Work order =>
Nothing but a verbatim copy of the data, minus the images, should be returned.

Information supplied =>
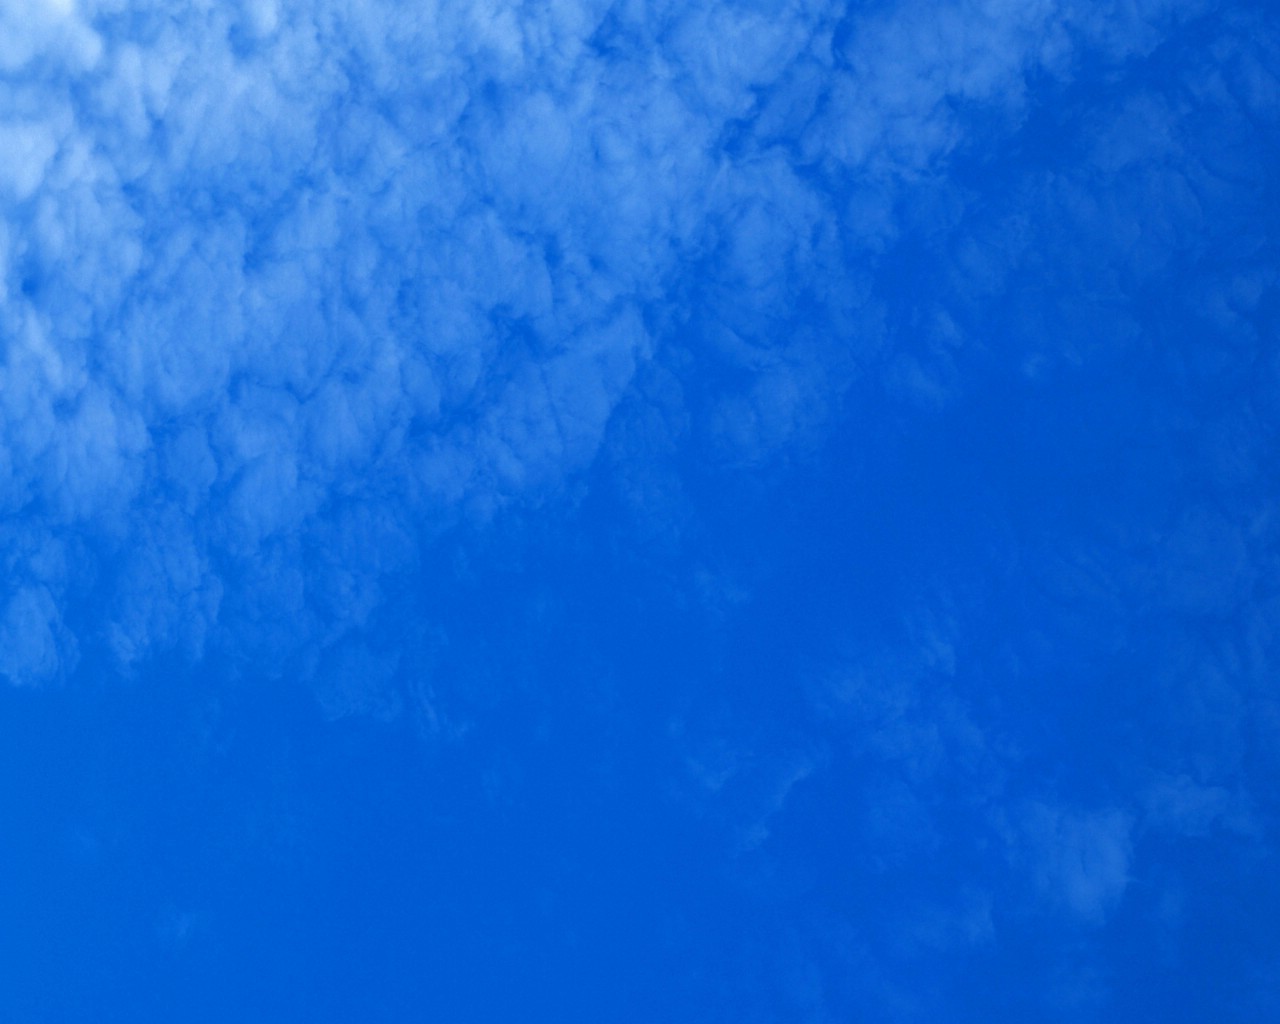 壁纸1280x1024 白云朵朵 蓝天白云壁纸壁纸 蔚蓝天空-蓝天白云壁纸壁纸 蔚蓝天空-蓝天白云壁纸图片 蔚蓝天空-蓝天白云壁纸素材 风景壁纸 风景图库 风景图片素材桌面壁纸
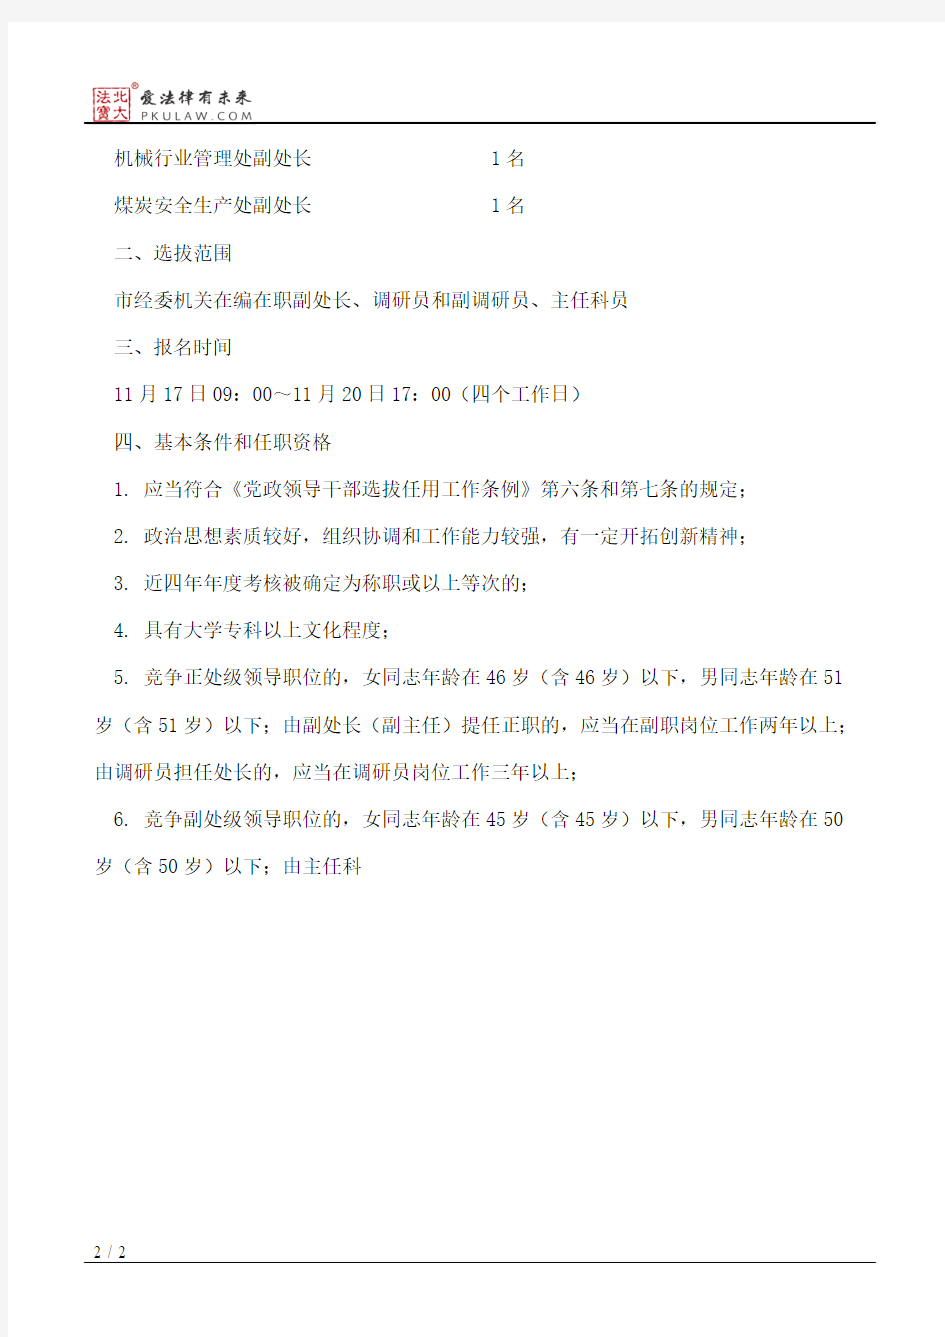 重庆市经济和信息化委员会关于市经委机关部分处级领导职位实行竞
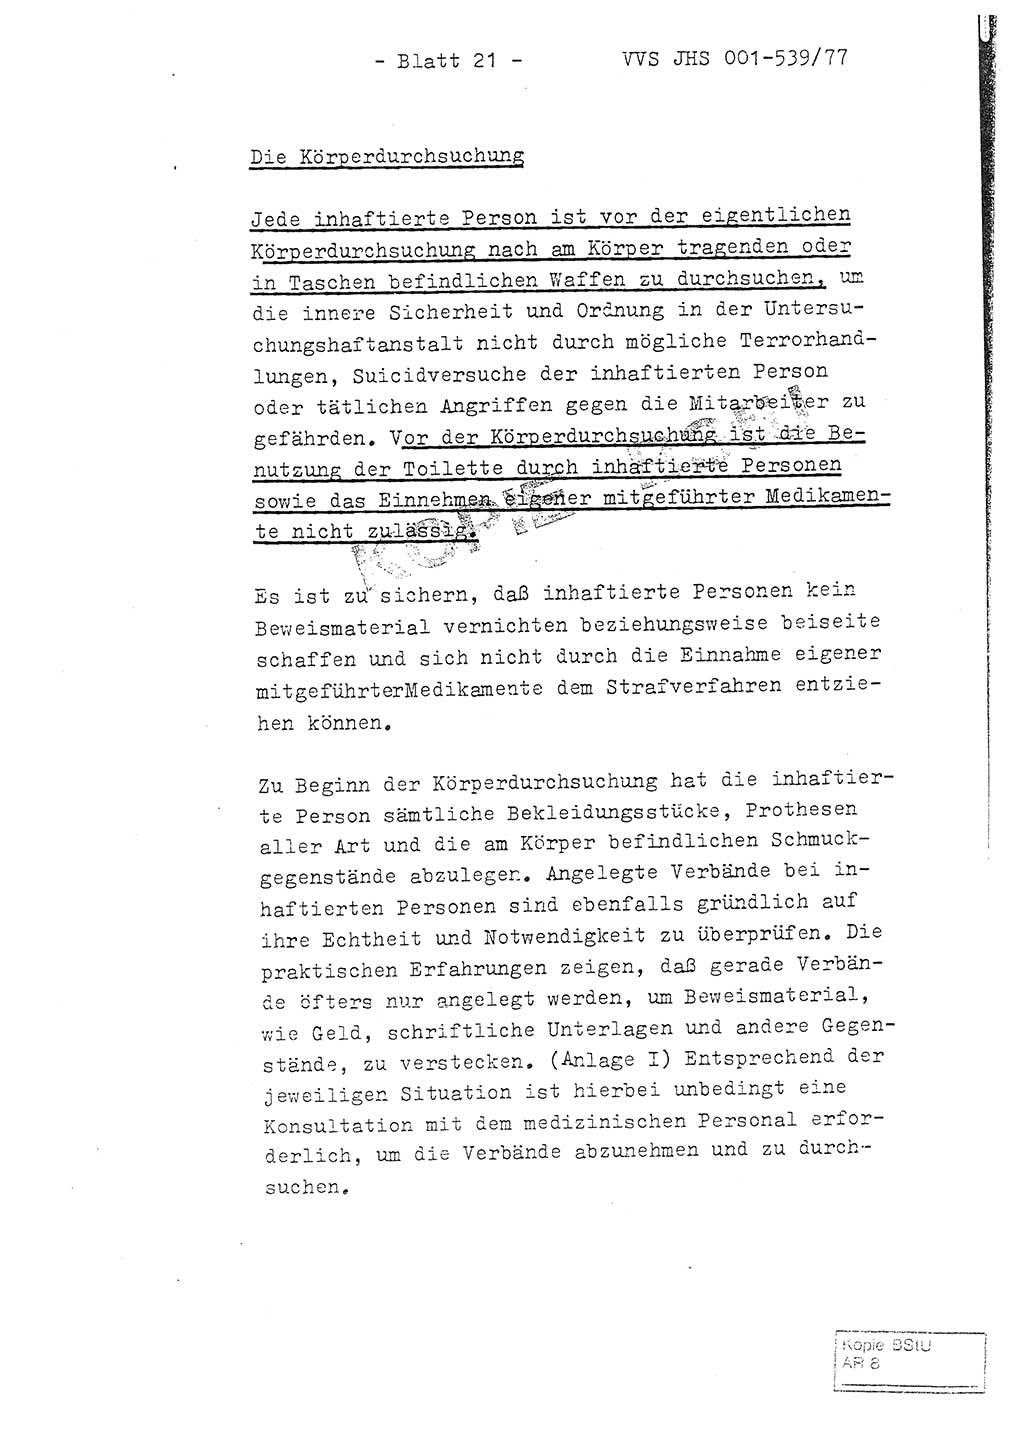 Fachschulabschlußarbeit Hauptmann Dietrich Jung (Abt. ⅩⅣ), Leutnant Klaus Klötzner (Abt. ⅩⅣ), Ministerium für Staatssicherheit (MfS) [Deutsche Demokratische Republik (DDR)], Juristische Hochschule (JHS), Vertrauliche Verschlußsache (VVS) 001-539/77, Potsdam 1978, Seite 21 (FS-Abschl.-Arb. MfS DDR JHS VVS 001-539/77 1978, S. 21)

Response =>
 壁纸1280x1024 白云朵朵 蓝天白云壁纸壁纸 蔚蓝天空-蓝天白云壁纸壁纸 蔚蓝天空-蓝天白云壁纸图片 蔚蓝天空-蓝天白云壁纸素材 风景壁纸 风景图库 风景图片素材桌面壁纸
 重庆市经济和信息化委员会关于市经委机关部分处级领导职位实行竞
 Fachschulabschlußarbeit Hauptmann Dietrich Jung (Abt. ⅩⅣ), Leutnant Klaus Klötzner (Abt. ⅩⅣ), Ministerium für Staatssicherheit (MfS) [Deutsche Demokratische Republik (DDR)], Juristische Hochschule (JHS), Vertrauliche Verschlußsache (VVS) 001-539/77, Potsdam 1978, Seite 21 (FS-Abschl.-Arb. MfS DDR JHS VVS 001-539/77 1978, S. 21)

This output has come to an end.